◆ Work required ◆
Restate the listing below word for word; no picture is to be carried over.

◆ Given information ◆
* * *

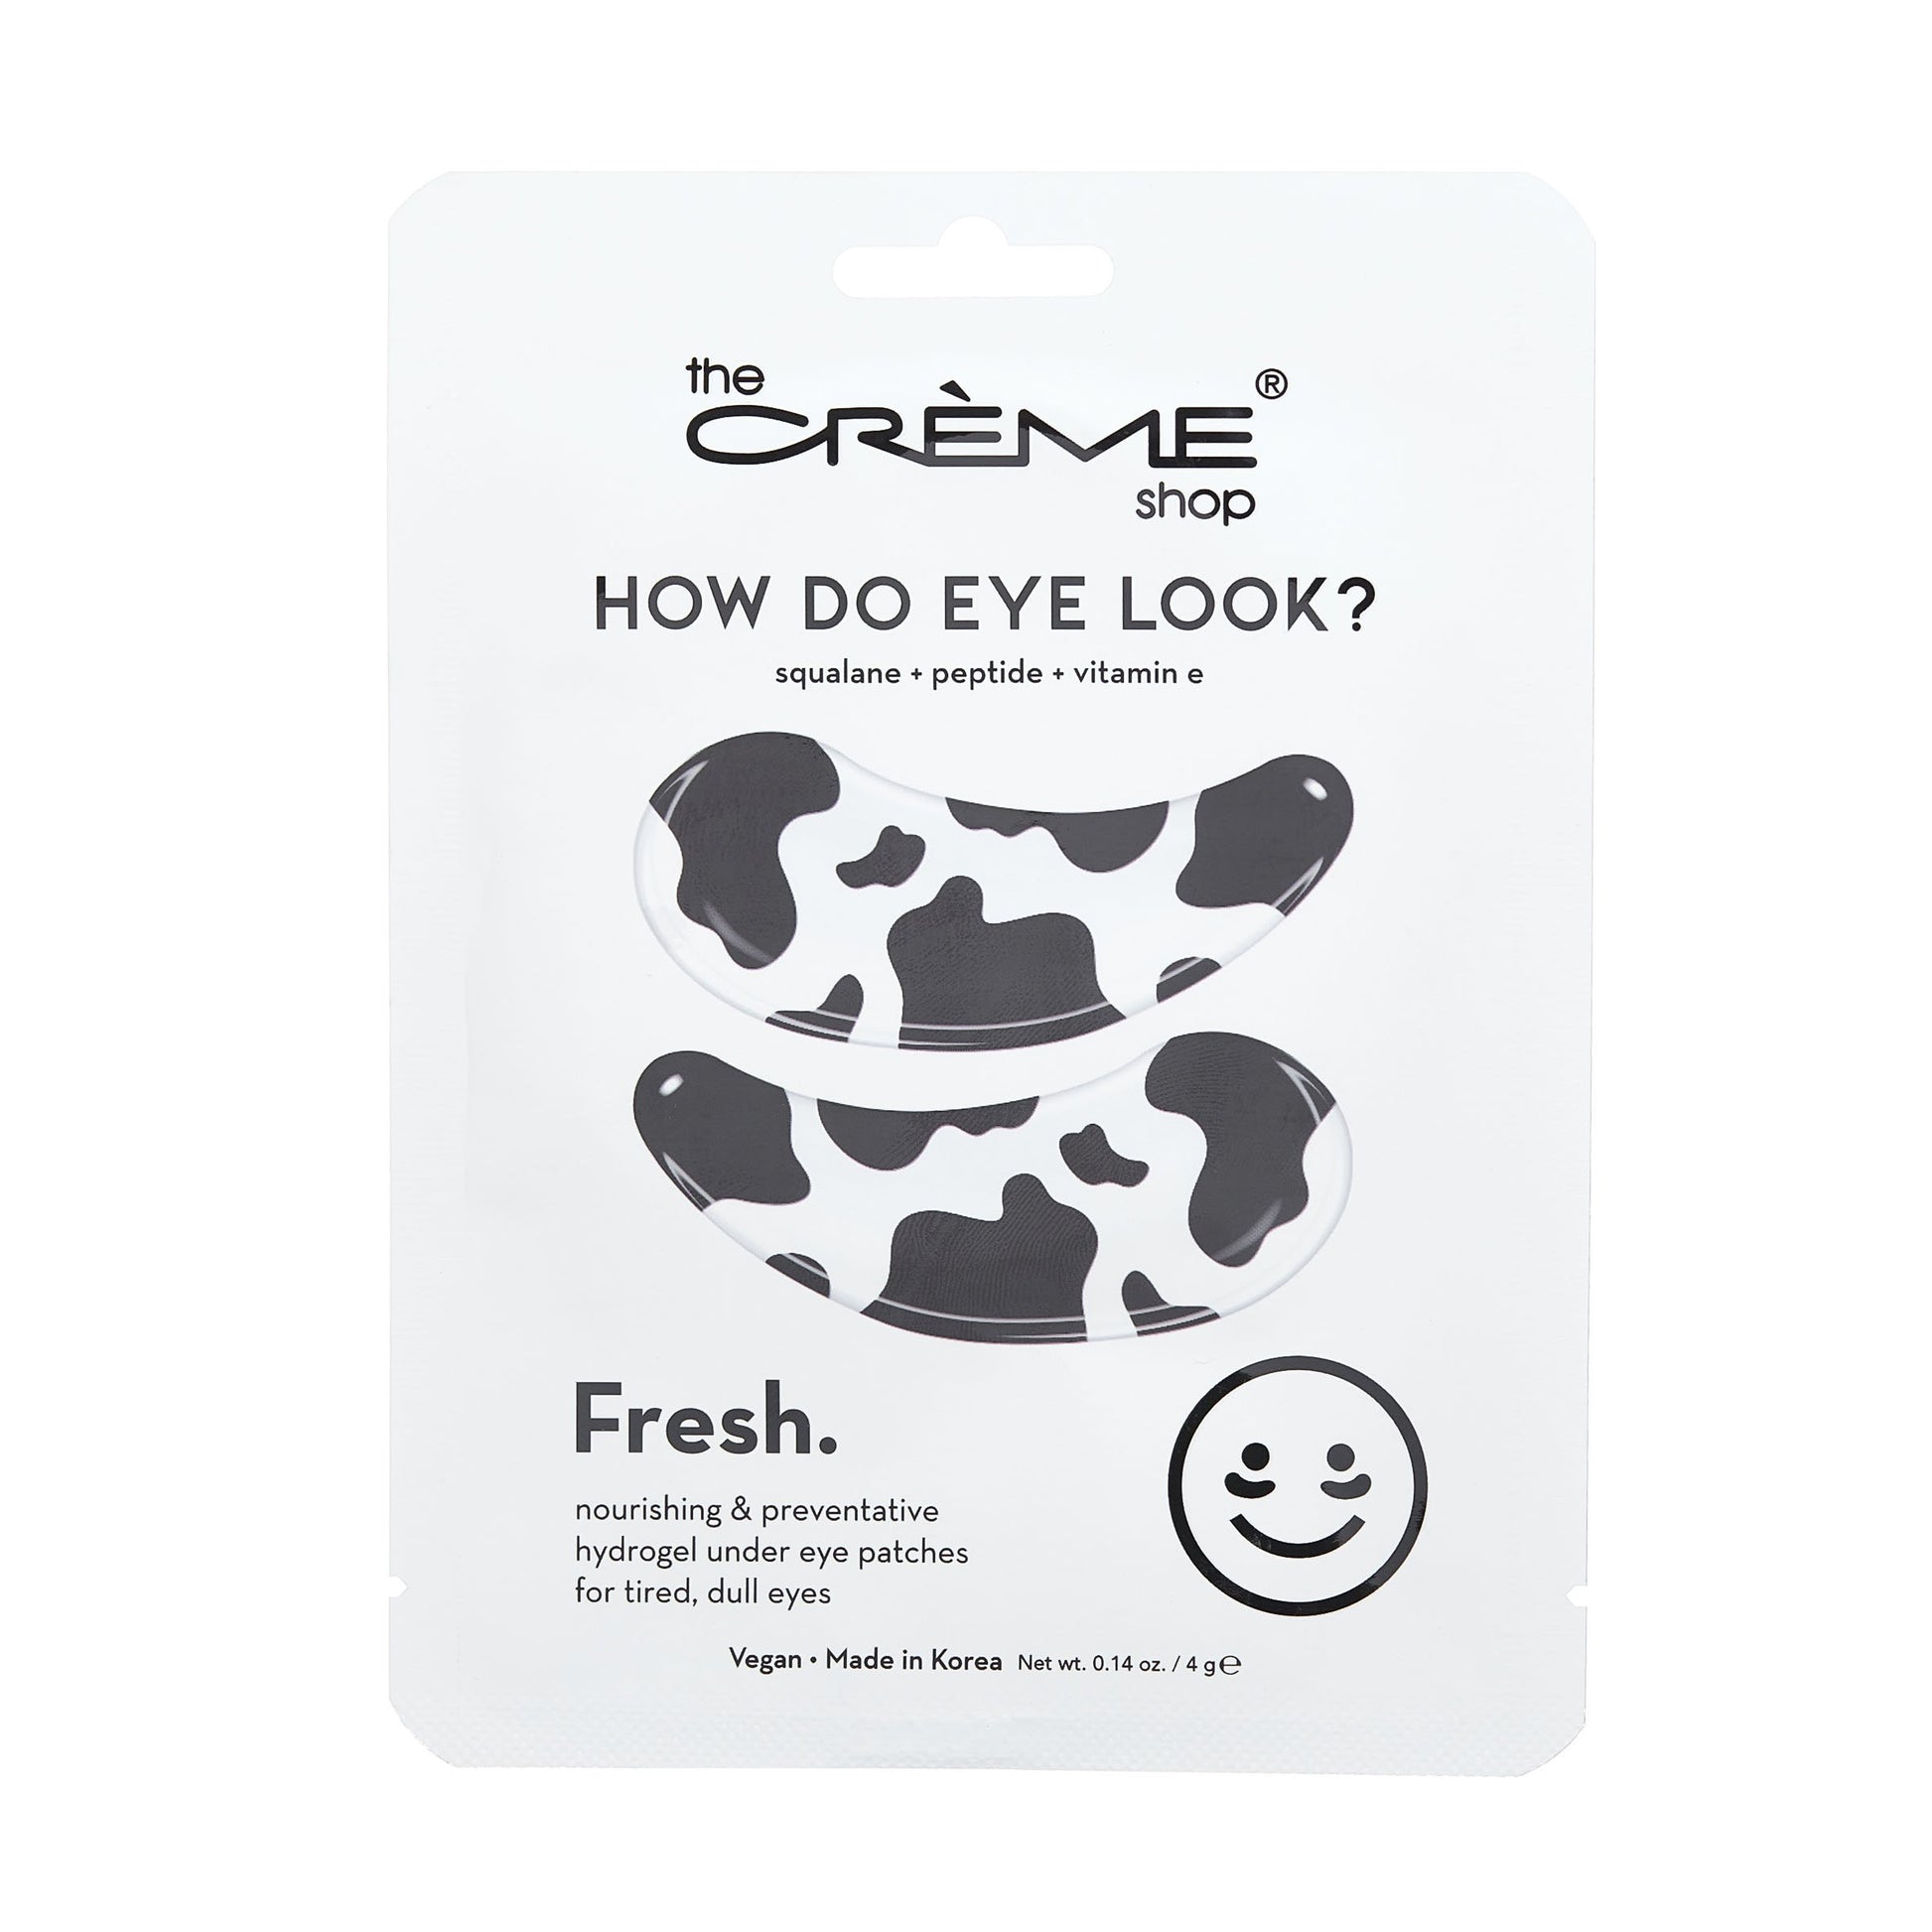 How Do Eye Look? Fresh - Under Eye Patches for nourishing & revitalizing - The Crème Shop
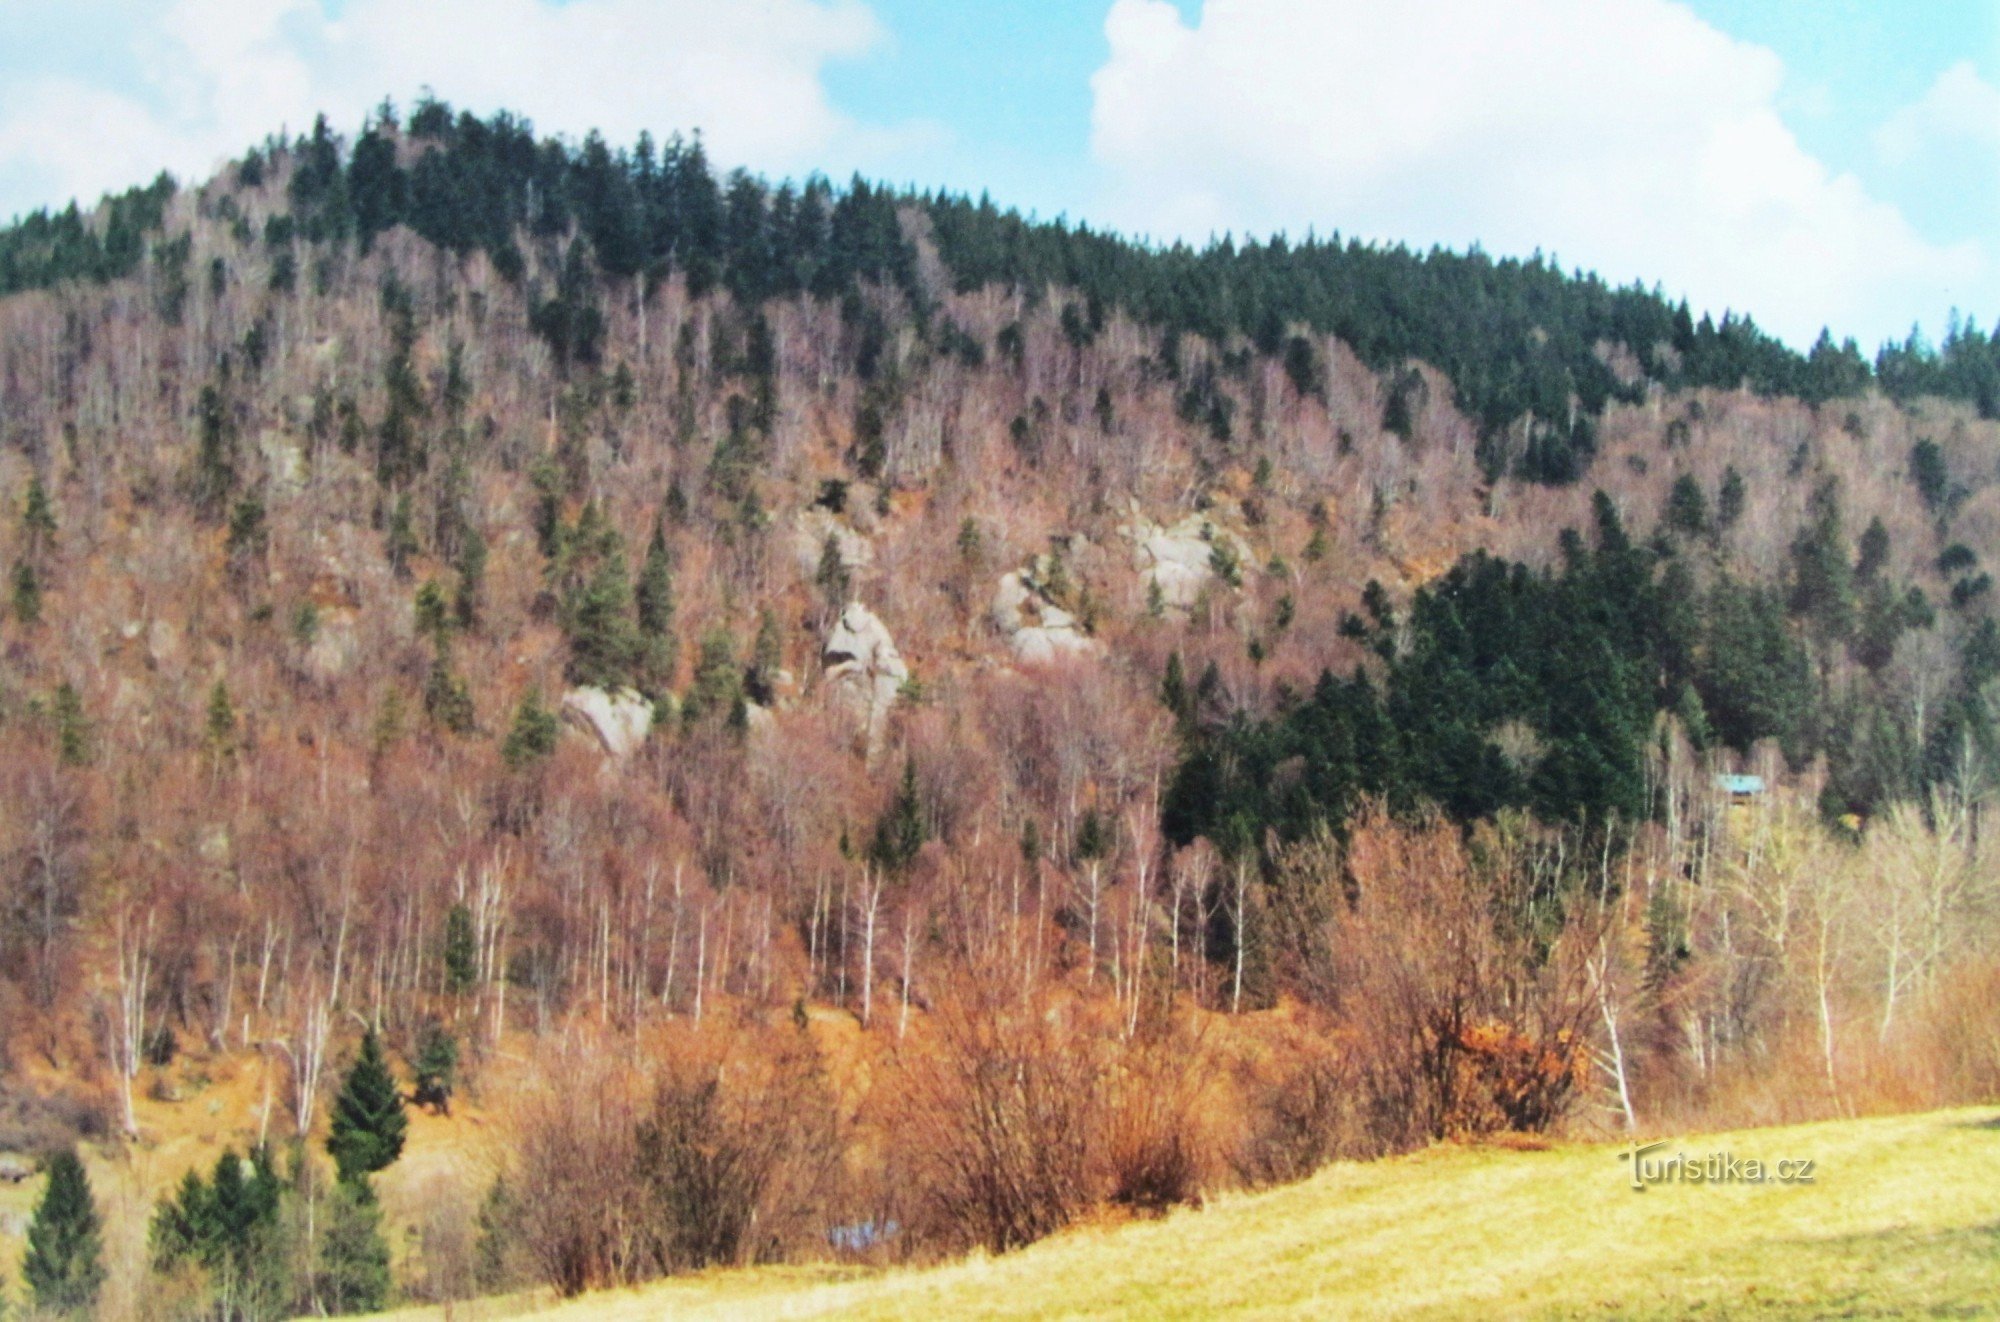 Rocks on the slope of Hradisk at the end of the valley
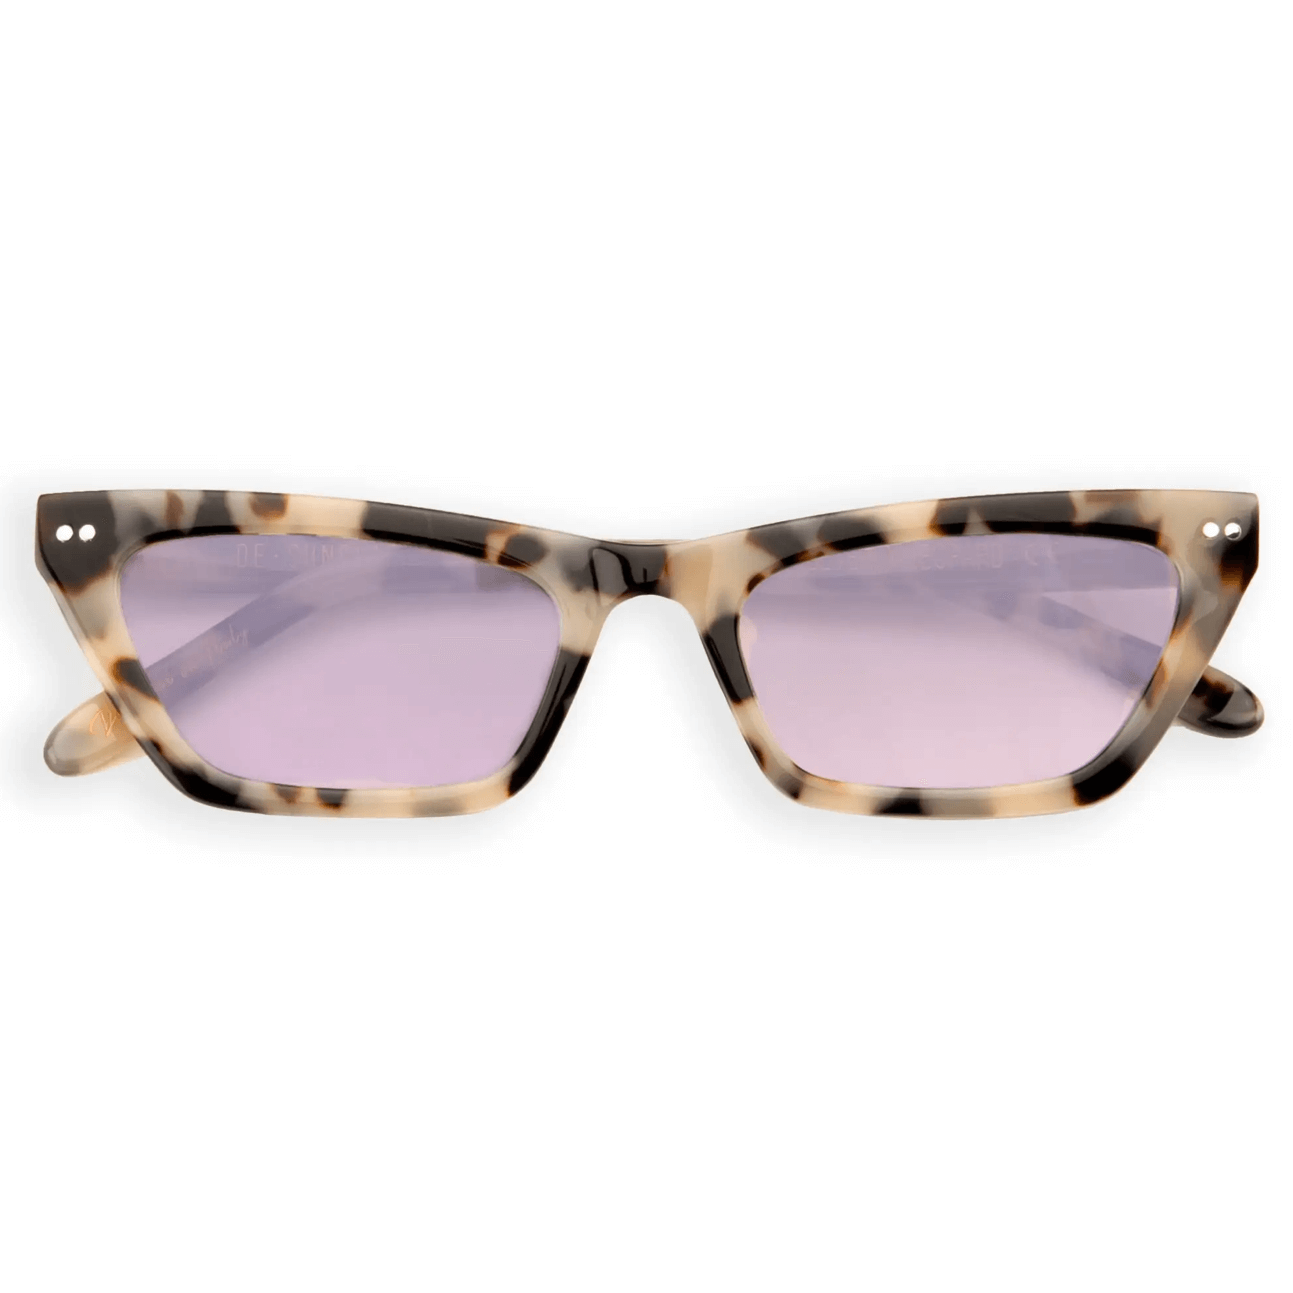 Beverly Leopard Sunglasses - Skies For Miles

* * *

◆ Result of this exercise ◆
 How Do Eye Look? Fresh - Under Eye Patches for nourishing & revitalizing - The Crème Shop
 Rocks on the slope of Hradisk at the end of the valley
 Beverly Leopard Sunglasses - Skies For Miles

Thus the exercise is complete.